Eine Angleichung erfolgt hingegen beim Zugang zu den Wohlfahrtseinrichtungen der Beschäftiger, wie Kantinen, Kindergärten und betriebseigenen Beförderungsmitteln (zum Beispiel Werksbusse). Diese Vergünstigungen sind Leiharbeitnehmern künftig ebenfalls zu gewähren, sofern nicht sachliche Gründe eine Ungleichbehandlung rechtfertigen. Der Beschäftiger hat überdies die betriebliche Aus- und Weiterbildung von Leiharbeitnehmern zu fördern.
Davon abgesehen wurden die gesetzlichen Diskriminierungsverbote nunmehr explizit auch auf das Verhältnis zwischen Leiharbeitnehmer und Beschäftiger erstreckt.

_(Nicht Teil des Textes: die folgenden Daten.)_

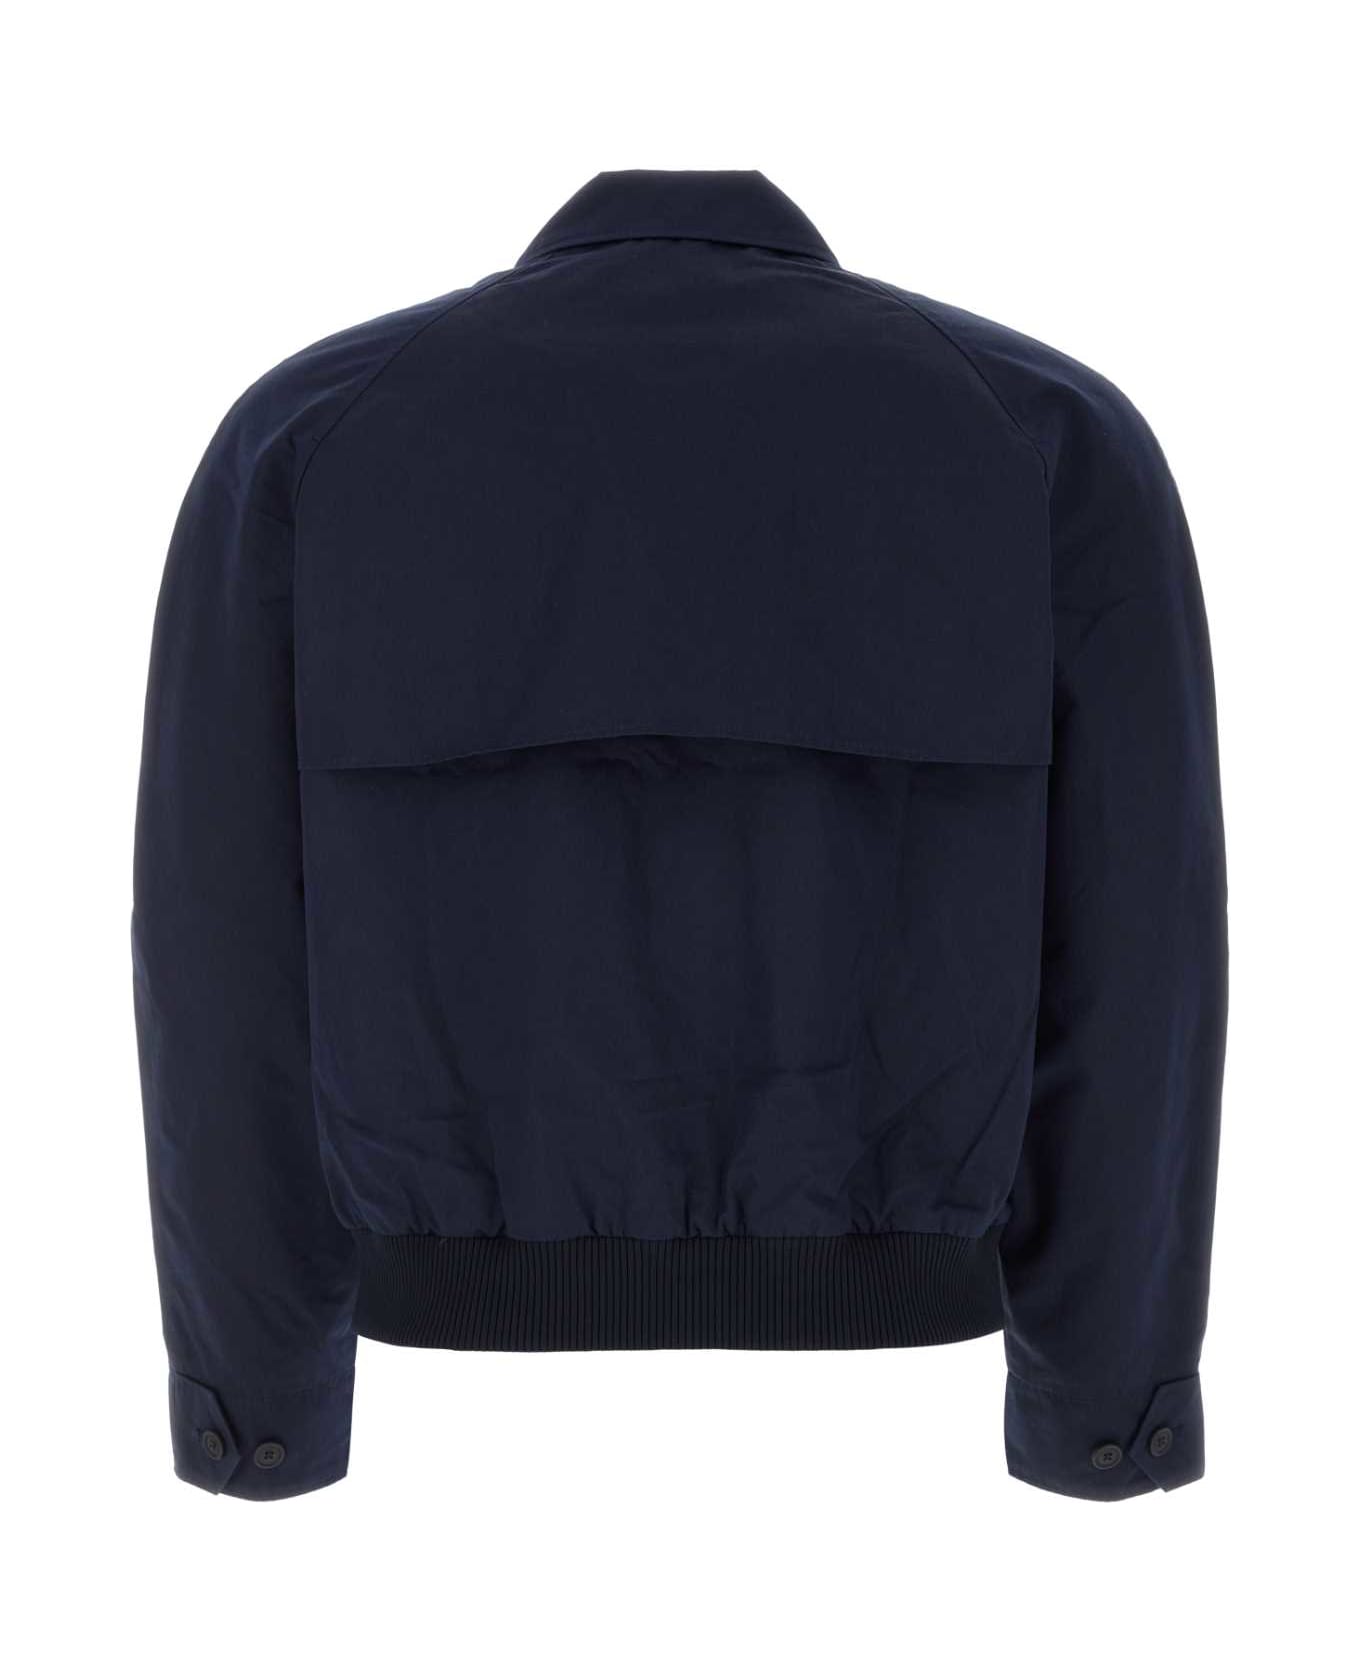 Maison Kitsuné Navy Blue Cotton Blend Jacket - INKBLUE

Führt also etwa die sexuelle Belästigung einer Leiharbeiterin durch einen Vorgesetzten des Beschäftigers zur Beendigung der Überlassung und in der Folge zu ihrer Kündigung, so kann die Dienstnehmerin den Überlasser auf Wiedereinstellung klagen. Darüber hinaus besteht ein Anspruch auf Schadenersatz gegenüber dem Beschäftiger und dem Überlasser, wobei Letzterer vom Beschäftiger den Ersatz sämtlicher Kosten verlangen kann.

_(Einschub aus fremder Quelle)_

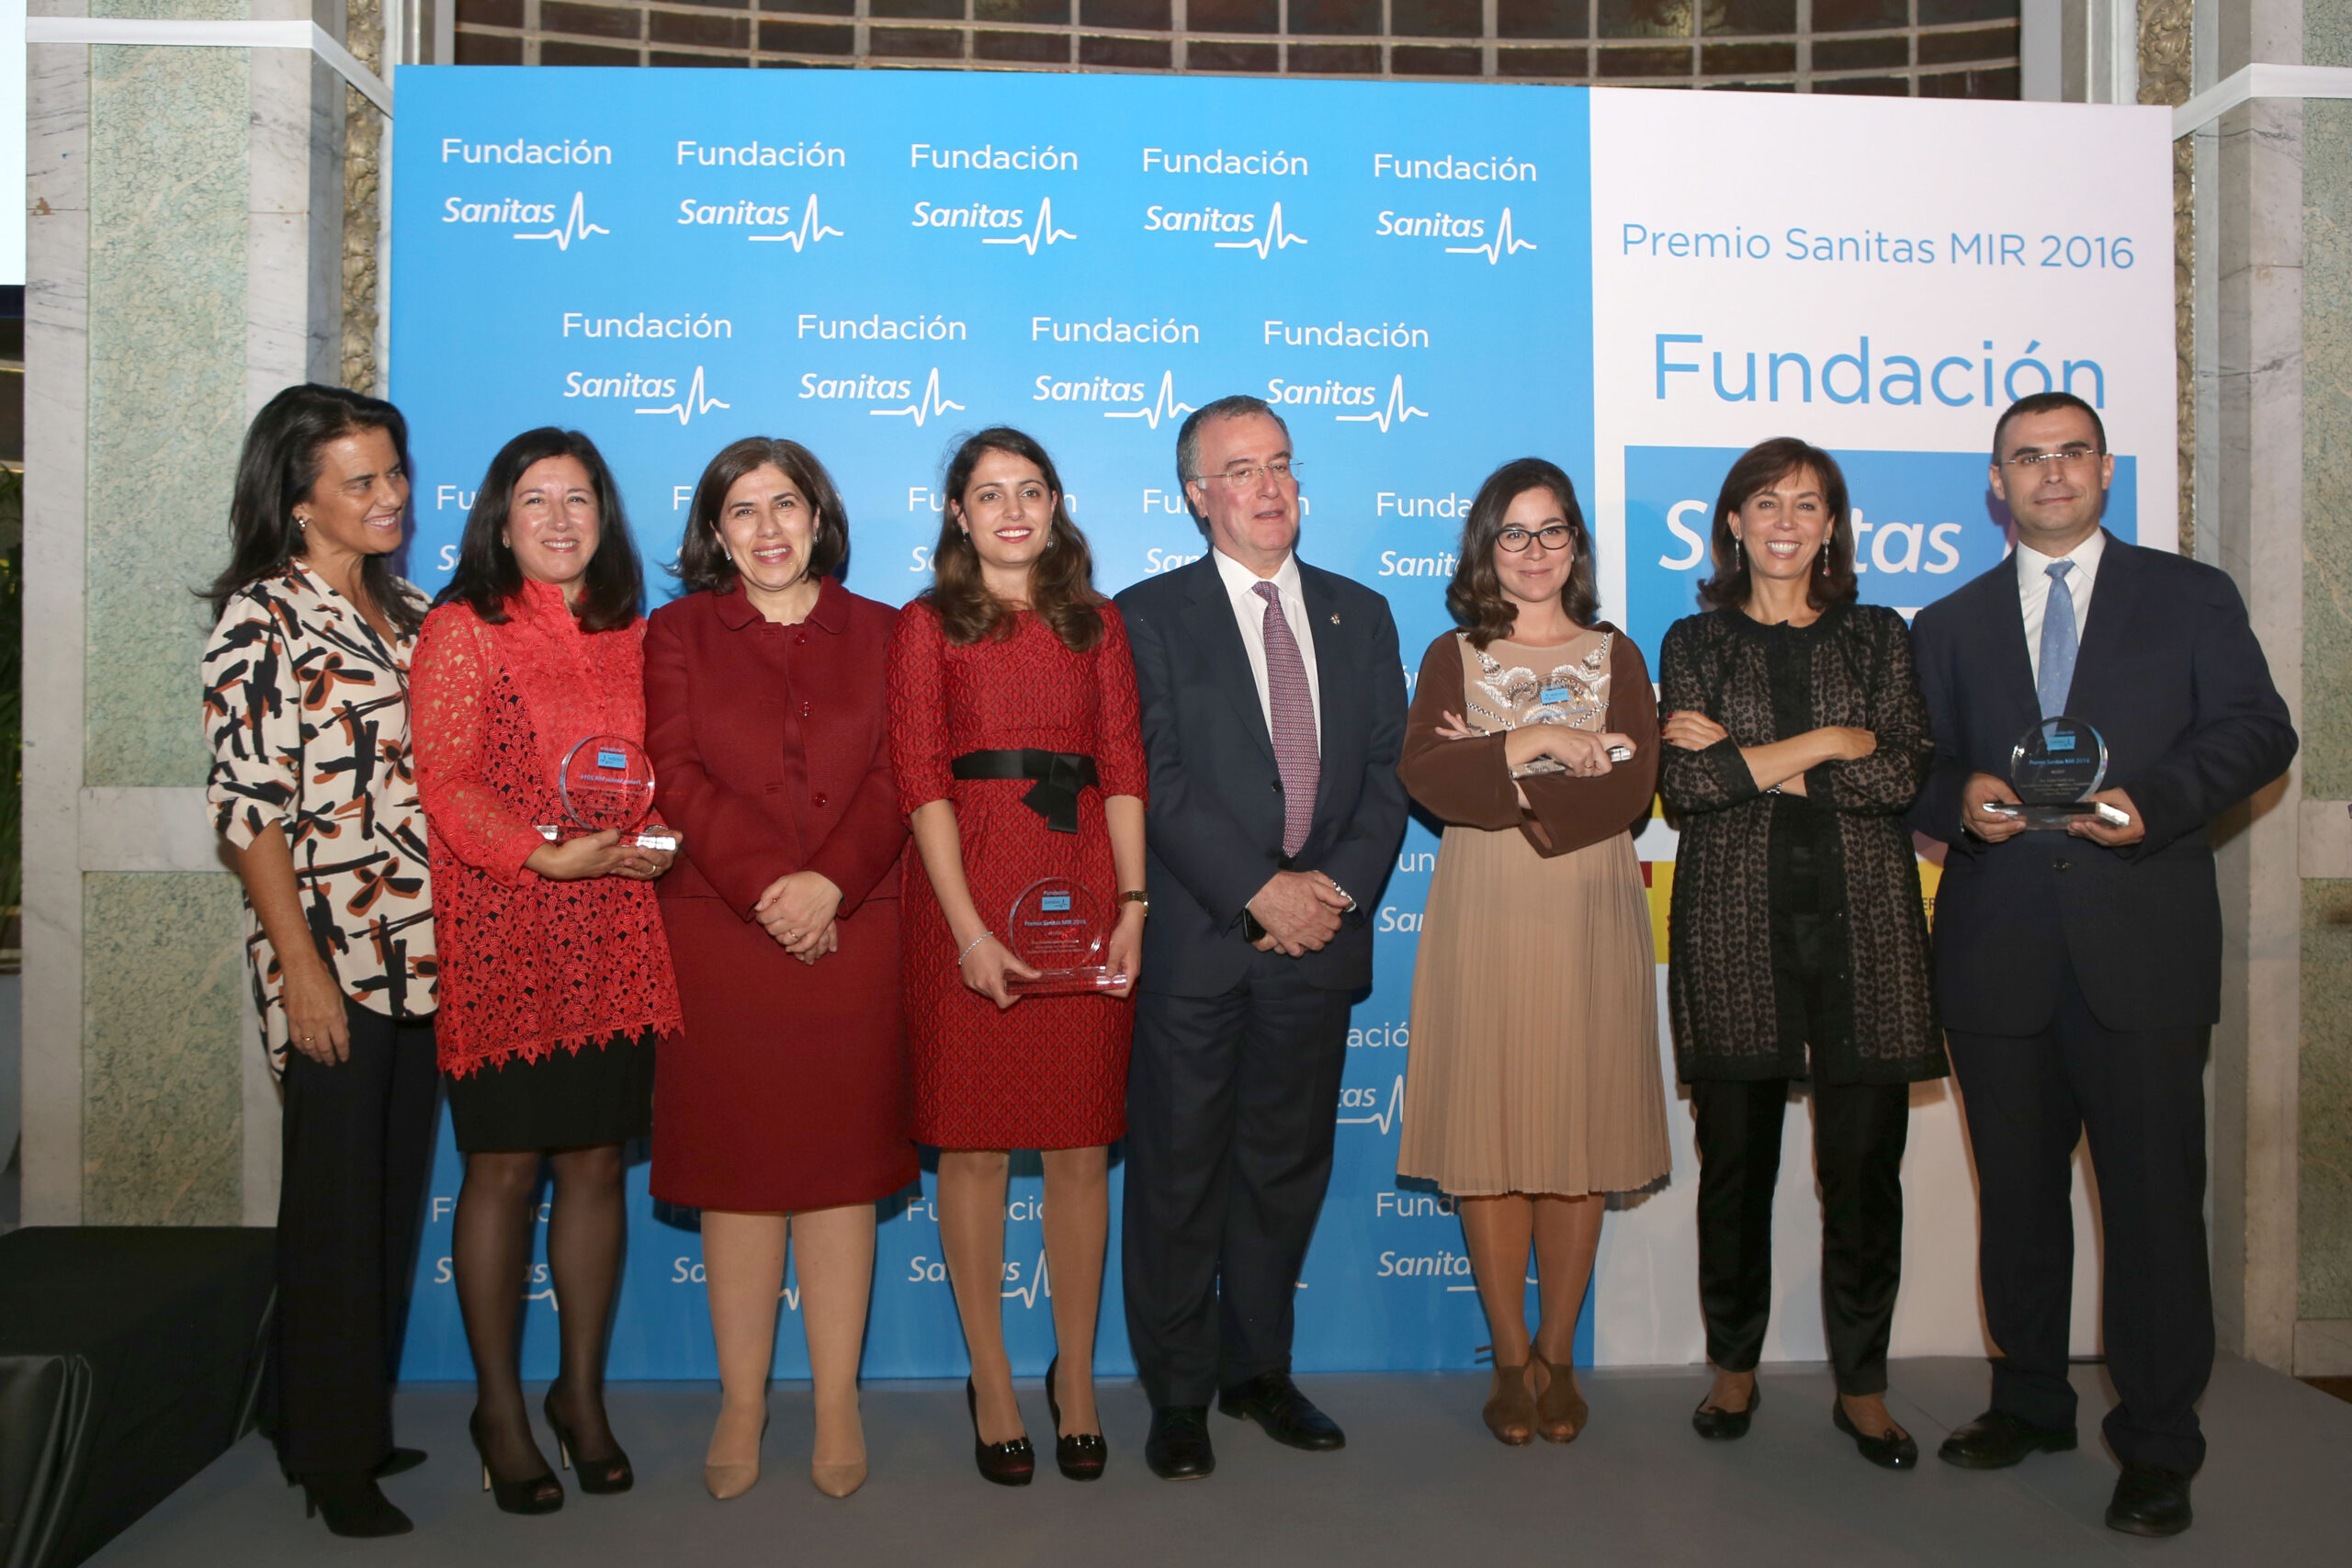 Foto de familia, durante la entrega del Premio Sanitas MIR 2016

Völlig neu ist hingegen die Einrichtung eines Sozial- und Weiterbildungfonds, den die Leiharbeits-Richtlinie nicht vorsieht. Dieser Fonds soll Leiharbeitnehmer während der überlassungsfreien Zeiten ("Stehzeiten") unterstützen, entweder durch finanzielle Zuschüsse oder durch die Finanzierung von Weiterbildungsmaßnahmen. Aber auch Überlasser können daraus Leistungen beziehen, wenn sie das Arbeitsverhältnis von Leiharbeitnehmern nach dem Ende eines Auftrags aufrechthalten. Die Finanzierung des Fonds erfolgt durch Beiträge der gewerblichen Arbeitskräfteüberlasser sowie aus Mitteln der Arbeitsmarktpolitik. Für überlassene Arbeiter beginnt die Beitragspflicht bereits am 1. 1. 2013, für Angestellte erst ab 1. 1. 2017. Der Beitrag steigt stufenweise von 0,25 Prozent (2013) bis 0,8 Prozent (ab 2016) der Beitragsgrundlage nach ASVG.

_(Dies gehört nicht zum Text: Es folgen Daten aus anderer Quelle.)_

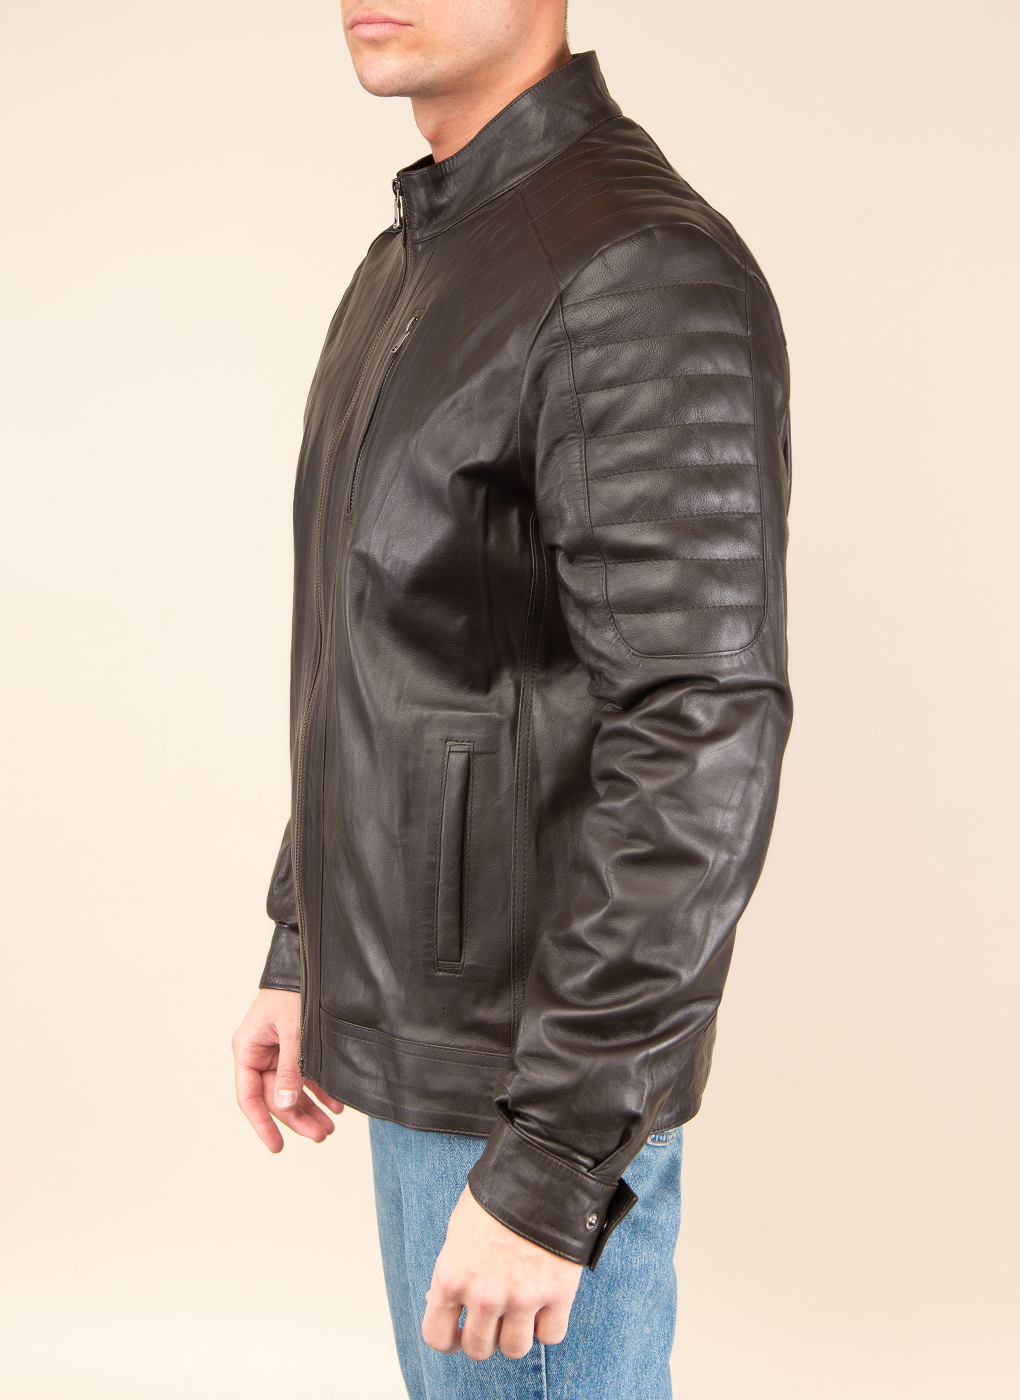 Кожаная куртка мужская Каляев 48416 коричневая 46 RU

Aber auch auf manche Beschäftiger kommen ab 1. 1. 2014 neue finanzielle Belastungen zu. Ab diesem Zeitpunkt sind nämlich die Leiharbeiter in ein betriebliches Pensionskassenmodell (oder in eine betriebliche Kollektivversicherung) beim Beschäftiger einzubeziehen, sofern nicht eine gleichwertige Alternative beim Überlasser selbst besteht. Allerdings betrifft dies nur jene Leiharbeitnehmer, die bereits seit mehr als vier Jahren beim Beschäftiger verwendet werden.
Andreas Tinhofer ist Rechtsanwalt und Partner in der Kanzlei MOSATI Rechtsanwälte.